What are the differences for you personally when jacking off sober compared to being high?


----------



## Rated R™ (Jul 2, 2006)

*Re: Getting high*

Honestly, It's a totally different experience, no joke.

Just like how Walls has said Sex is totally different while high, Masturbation feels 5x better while High, In Canada I honestly don't even jack off when I'm sober, I have a few times but I always try my best to hold off till I'm baked.


----------



## Alim (Mar 3, 2007)

*Re: Getting high*

I'd say that's probably a quarter RatedR, but I suck at eyeballing

Let's post some more goodies for Headliner's next rant on this thread


----------



## Walls (Apr 14, 2004)

*Re: Getting high*

I'd say that's probably between 6-8, but I too suck at eye balling it, even after all this time. It looks delicious, though.
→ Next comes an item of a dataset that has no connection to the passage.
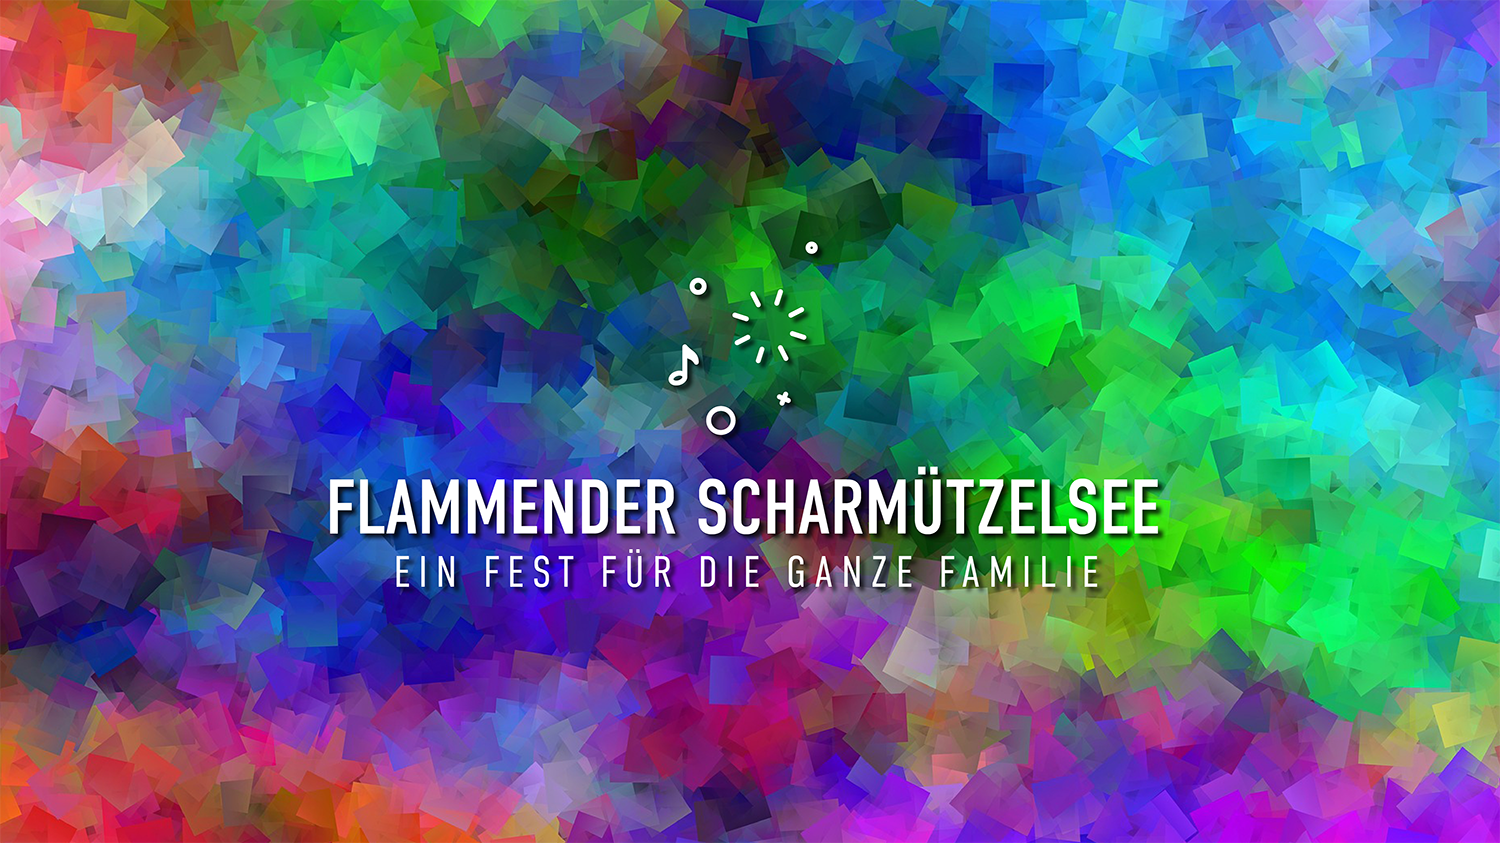 (c) Flammender-scharmuetzelsee.de

And anything sexual is waaaaaaaay better when high. Fuck sober sex.


----------



## Rated R™ (Jul 2, 2006)

*Re: Getting high*

Friday is only 1 1/2 day away, do you know what kind of weed you're getting this time?


----------



## Walls (Apr 14, 2004)

*Re: Getting high*

Not yet, no. Also, I finally saw Headliner's rant. It's amusing.


----------



## Rated R™ (Jul 2, 2006)

*Re: Getting high*

So we post about how our days went and discuss what we do while high, and we're pathetic? I really don't see it.


----------



## JBL_Wrestling_God (Mar 18, 2008)

*Re: Getting high*

I have not seen his post yet but I'm going to try to lower myself right now and go in the rants section since he's talking about the best thread on this forum. Rants section is essentially worthless and absolutely no logical discussions go on around there, the scum of the forum.


----------



## JBL_Wrestling_God (Mar 18, 2008)

*Re: Getting high*

:lmao My masterbation quote made the cut.


----------



## Rated R™ (Jul 2, 2006)

*Re: Getting high*

It was the first quote, wasn't it?


----------



## Walls (Apr 14, 2004)

*Re: Getting high*



Rated R™ said:


> So we post about how our days went and discuss what we do while high, and we're pathetic? I really don't see it.



Neither do I. I'm used to this type of stuff though, it's no shock to me.


----------



## JBL_Wrestling_God (Mar 18, 2008)

*Re: Getting high*



Rated R™ said:


> It was the first quote, wasn't it?


Yes, It cracked me up for a while because it looks hilarious if you are just looking at the quote itself. I was speaking on the subject in place and asking a question. My question might of been an unconfortable area for some people but there's been numerous times in this thread where people have compared doing certain things high or sober. Who cares if it's unconfortable anyway? If it is than don't bother reading it or replying to it. The differences in experiences and how they compare when high or sober is what makes for interesting conversation. Even when the topic of *masterbation* comes up.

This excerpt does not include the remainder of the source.